Климов молчал. Он уже узнал в зале Настю и категорически не мог понять, как она сюда попала. Геваро, видя, что его товарищ в затруднении, попробовал было ответить вместо него, но вдруг раздался женский голос:
– Я могу подтвердить! – все взоры обратились на молодую, хорошо одетую женщину, поднявшуюся со своего места. – Меня зовут Анастасия Безансон. Я последние годы возглавляла всю резидентуру Ордена в Париже.
Настя прошла по рядам, вышла на сцену и, встав неподалеку от стола, продолжила:
– Господа Геваро и Климов говорят чистую правду. Они не знают только одного… Мои люди следили за Климовым и всеми, кто был замешан в этой истории, до самого конца. И вот конец наступил…
Шум в зале усиливался. Алексей от изумления готов был закричать. Неожиданно дверь в зал открылась, и в нее неспешно вошел Пьер Консанж. Его рука уже не болталась на перевязи, а была глубоко засунута в карман. Длинные волосы беспорядочно растрепались. Несчастные телерепортеры и фотографы газет не понимали, на кого обращать больше внимания: на участников пресс-конференции, на знаменитого музыканта или на женщину, только что сделавшую сенсационное заявление. Скрипач подошел к сцене, вынул из кармана пистолет и выстрелил в Настю. На ее лице не отобразилось боли, она умерла мгновенно, и лик ее был спокоен и красив. Консанжа не успели скрутить и отдать в руки полиции. Вторым выстрелом он пустил пулю себе в лоб.
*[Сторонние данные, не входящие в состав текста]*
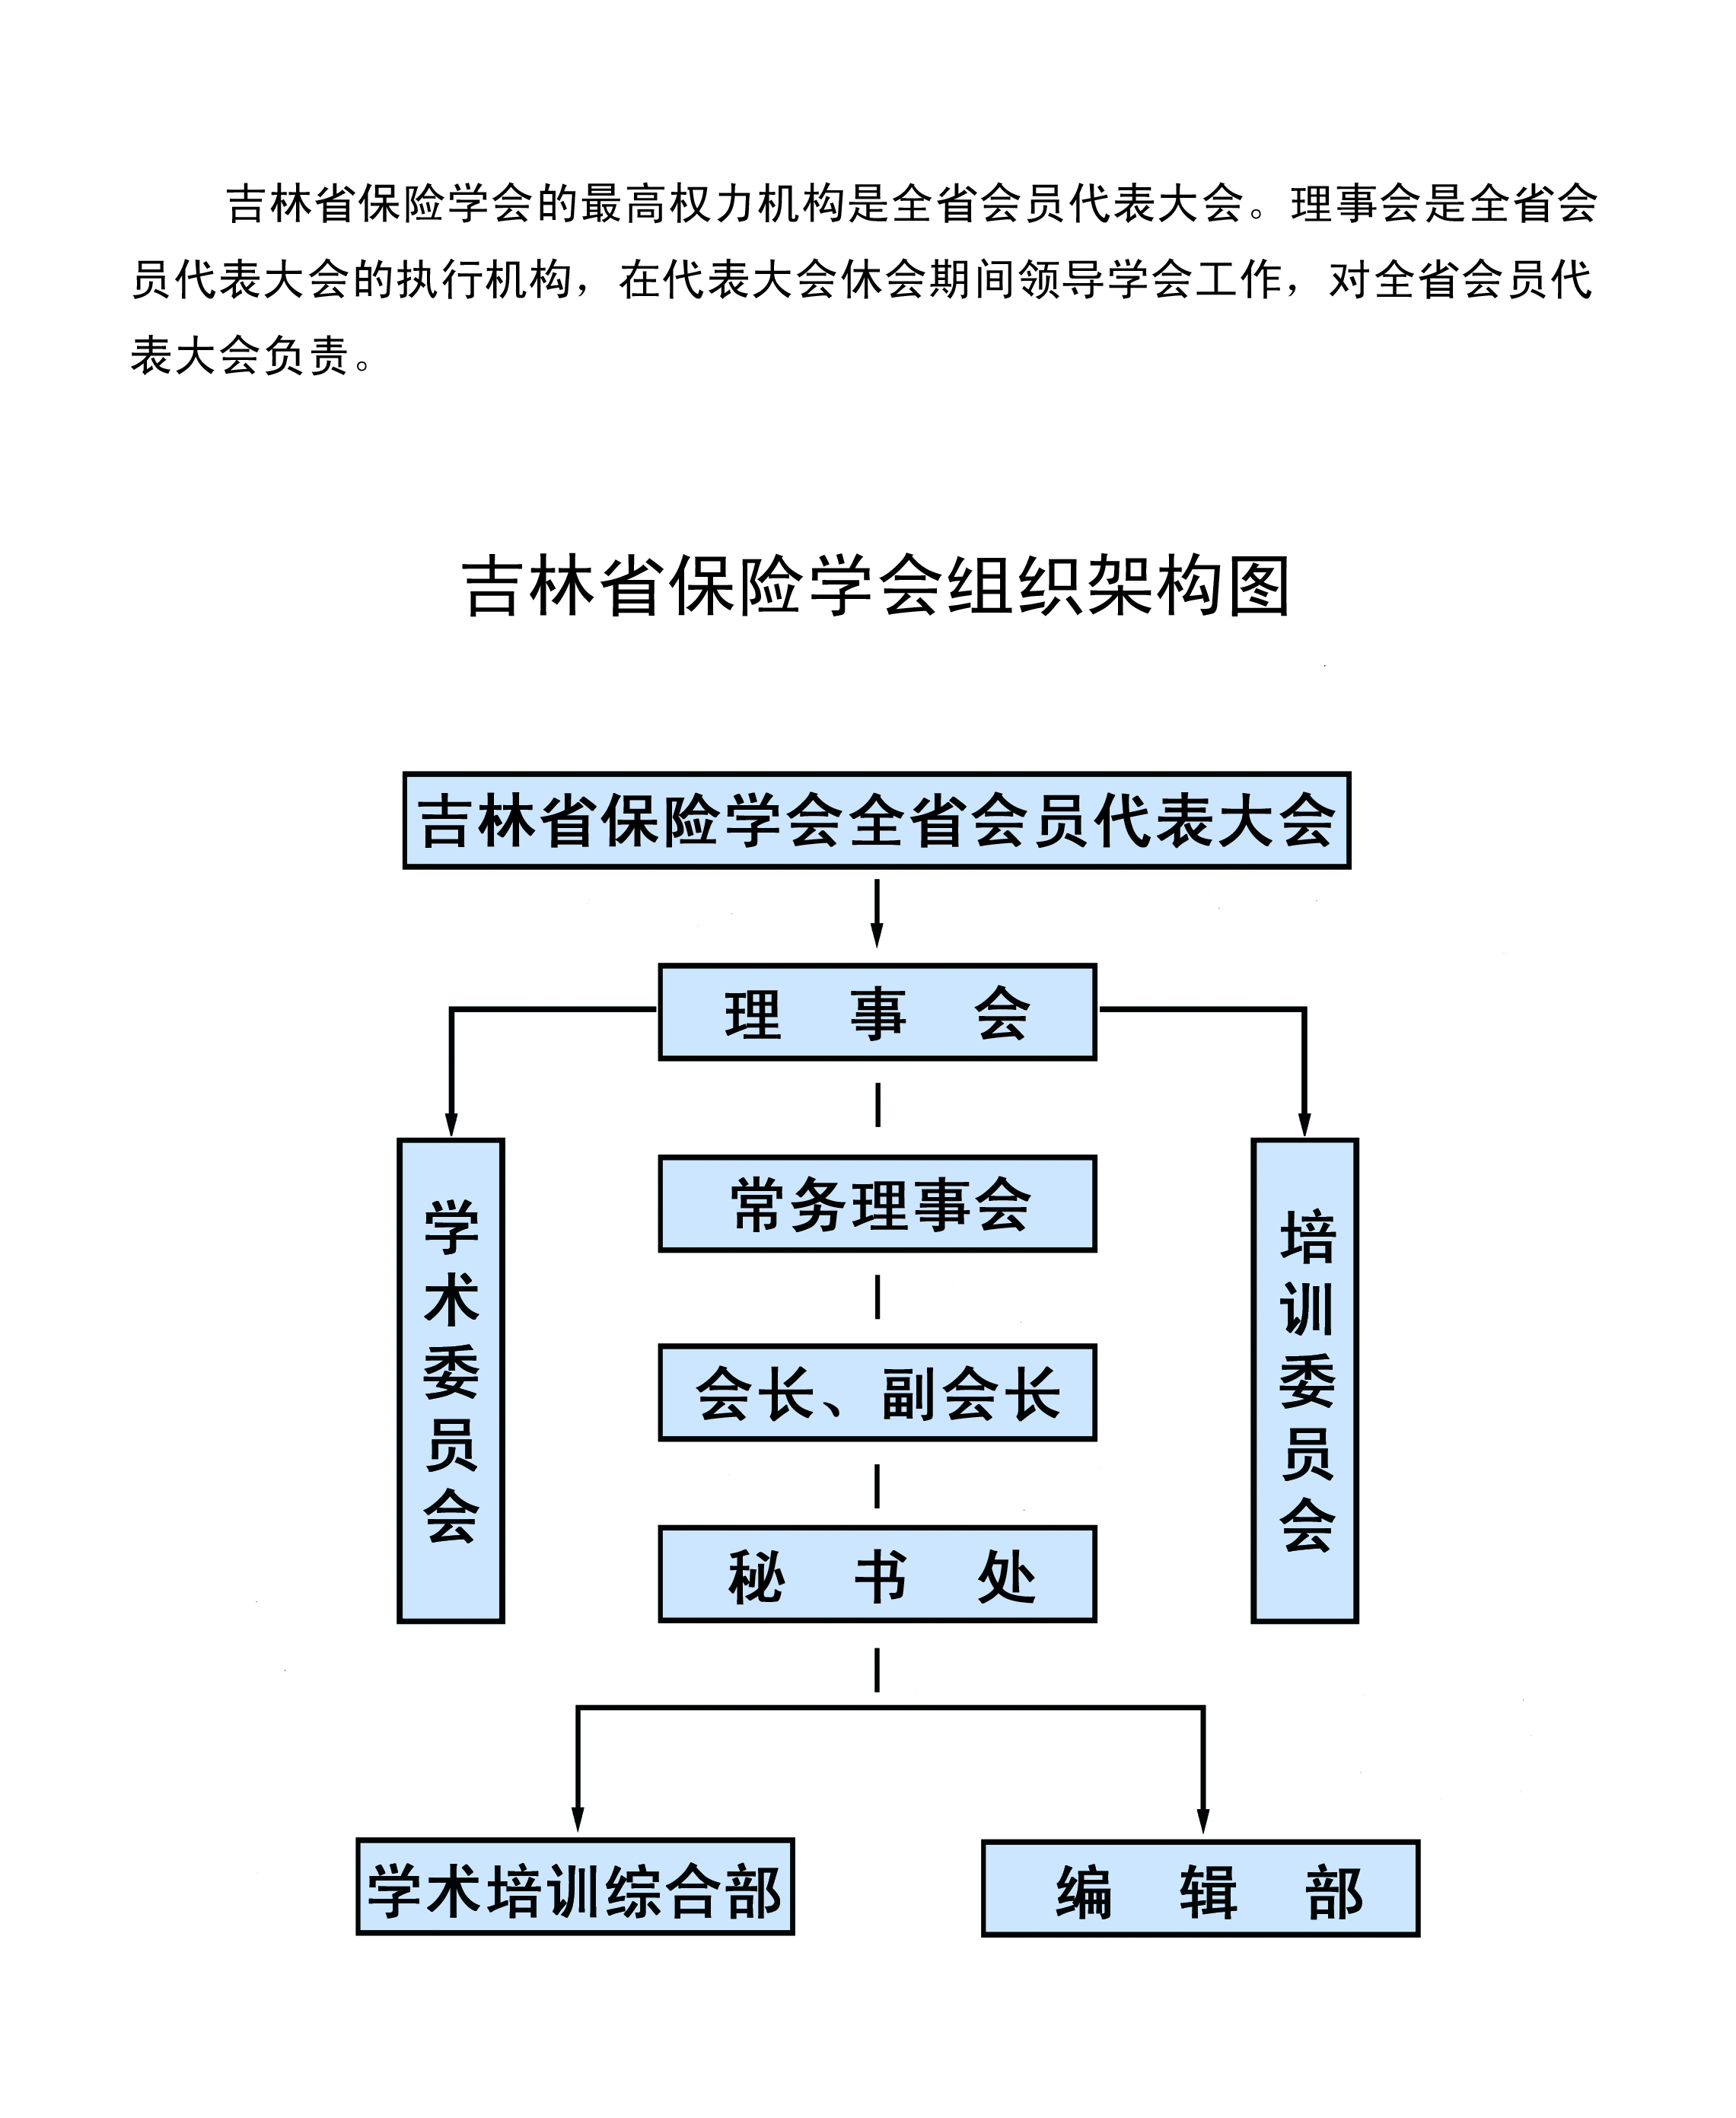 吉林省保险学会组织架构图.jpg

Дневник отшельникаЛюди живут очень быстро. Теперь уже, наверное, в миру мое имя начинают забывать. А ведь сразу после пресс-конференции в Рахманиновской консерватории не было более знаменитого человека, чем я. Моя фотография красовалась на первых полосах газет. Я, Алексей Климов, стал настоящим героем. Ордену и Организации были нанесены ощутимые удары. В дело вмешался Интерпол. Вернувшийся в Париж вместе с младшим Клеманом Клетинье обнародовал все собранные им документы о деятельности Организации и ее заклятого врага – Ордена. Это послужило поводом для многочисленных арестов, финансовых проверок и вновь арестов, как в России, так и во всем мире. Под подозрение попали многие высокопоставленные чиновники. Карательная машина завертелась сама собой. Во мне постепенно отпадала необходимость. Пробыв в Париже еще несколько дней, я вернулся в Москву. Там меня ждали новости. Медиа-холдинг Брынзова обанкротился, и все мы оказались выставленными на улицу. Мои коллеги довольно быстро устраивались, начинали что-то заново, а во мне поселилась такая пустота, что я целыми днями сидел дома, анализировал то, что мне довелось пережить. Марина и ее отец без объяснения причин прервали со мной все отношения. Однажды утром мне позвонила Вероника. Я к тому времени уже успел основательно забыть ее, но все же решил с ней встретиться. Надо было как-то побеждать захватившее меня бессилие. Вероника стала первой женщиной в моей жизни, которая поняла меня и приняла таким, каков я есть. Между нами не возникло никаких лирических отношений. Нет. Случилось нечто более важное. Вероника представила меня своему отцу. Как это ни странно, он был священником. Настоятелем одного из храмов под Москвой. Мы часами беседовали, я принял его как своего духовного наставника. Вскоре он знал обо мне все. Он выгнал из меня пустоту, показал, как в принципе ничтожна была моя безбожная жизнь, жизнь без настоящей любви и настоящего счастья, жизнь, из-за которой погибло столько людей. Мы вместе с ними пришли к выводу, что мои грехи можно искупить только обетом монашеского молчания и многолетней отшельнической жизнью. Я был готов к этому. В мирской жизни меня уже ничего не держало. И вот я живу в келье. Аскетично. Молчу, думаю, что-то записываю. Никто не знает, где я. Да. Я думаю, что никто этим и не интересуется. Для всех я умер, исчез… Этот дневник и есть теперь моя жизнь. И такая жизнь для меня сладостней самого прекрасного мирского удела…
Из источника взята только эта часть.